The cults wouldn’t be as successful if people were able to count the cost before joining them. But the outreach tactics of the cults ignore most of the things that would turn people off, and as a result, they accumulate more members.

I believe we Christians have followed in the same fashion. We don’t want to tell someone that he should be willing to forsake all (Luke 14:33) to follow Christ. We’d rather not talk about the division that might occur in his family (Luke 14:26), the persecution that will ensue (Matthew 5:10, Luke 21:12), the hatred from the world (Mark 13:13), or the hardships of life that come by following Christ (II Corinthians 11:23). If the potential convert knew that his decision would bring about a changed life (II Corinthians 5:17), in which he would be holy (I Peter 1:16), and have to submit to the Lord (Luke 6:46), he might not “make a decision for Christ.” Therefore, we skip all of that and go right to getting him to pray a prayer and wonder afterwards why there’s no change in his life. It’s because he didn’t count the cost. And why didn’t he? Because we didn’t tell him what the cost would be.


2 comments so far

  1. cindyinsd on

    Good point about counting the cost. People get in for the “fire insurance” and feel that as long as they’re paid up, they’ve done what’s necessary. But let’s not forget the other half of the discipleship equation. I was blessed to move in next door to a wonderful woman of God who spent many hours teaching me. Discipula means student. One cannot be a discipula without a magestra or teacher. While it is true that Christ and the word are our teachers, God has given teachers to the church to help the body to mature.

    Do we birth babies and then tell them, “Well, get with it–go, be warmed and filled” but fail to give them those things that are needful for them to mature? At my previous church, discipleship class consisted of four optional classes spread out over a year or more in which one sat for most of Saturday morning listening to a lesson. It’s a good lesson, but it’s not discipleship.

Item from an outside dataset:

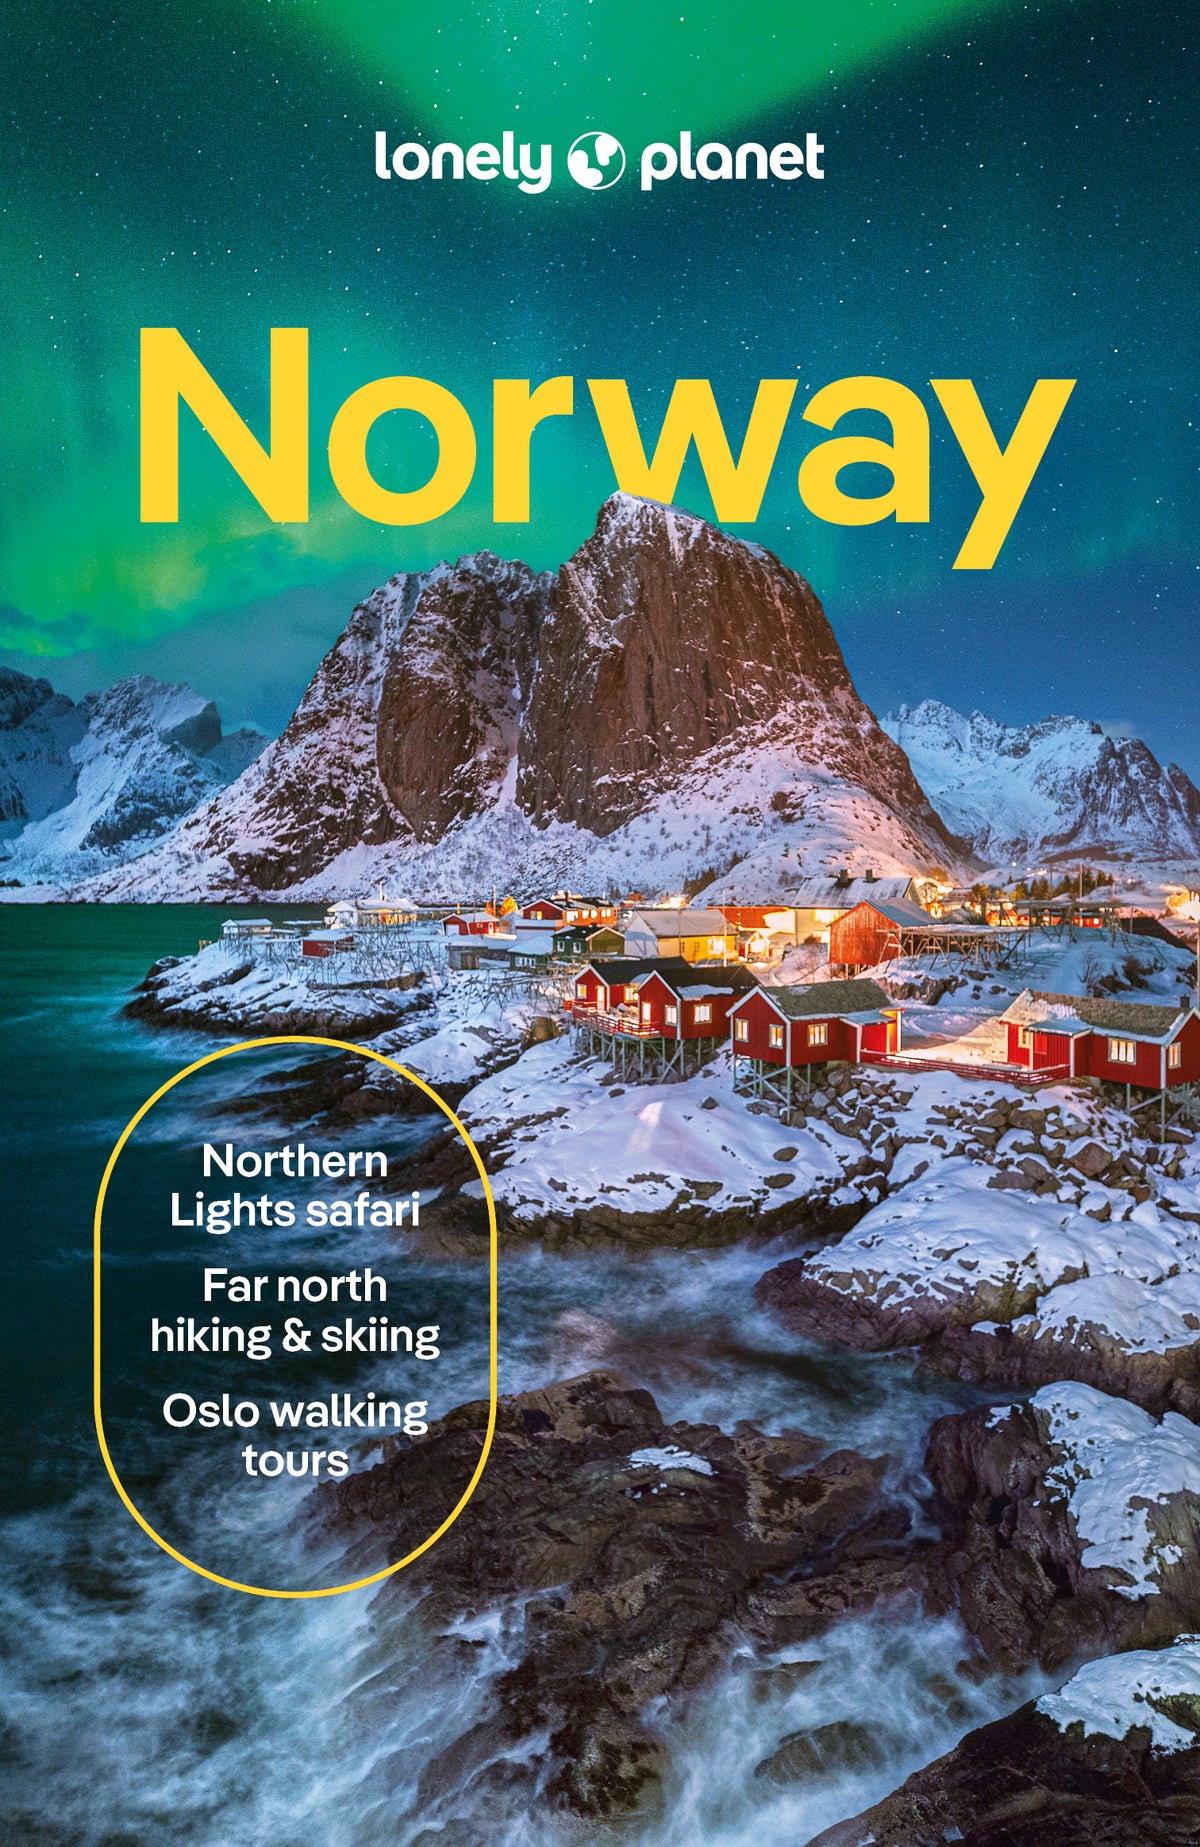 Norway Travel Guide

Sure, sometimes new believers haven’t counted the cost and sometimes they didn’t really mean it, but isn’t it possible the real fault lies in the realm of neglect–not only neglect to tell them what they’re getting into, but also neglect to teach them how to become the people God intends them to be?

    God bless,


  2. Readmore on

    DT, you and I seem to be thinking about the same things at the same times… I recently read through the gospels to see exactly what Jesus’ evangelistic methods were. Did He have people bow and pray “the prayer”? Did he lead them down the Romans road? I am coming to some of the same conclusions you are coming to. Becoming a Christian is becoming a disciple.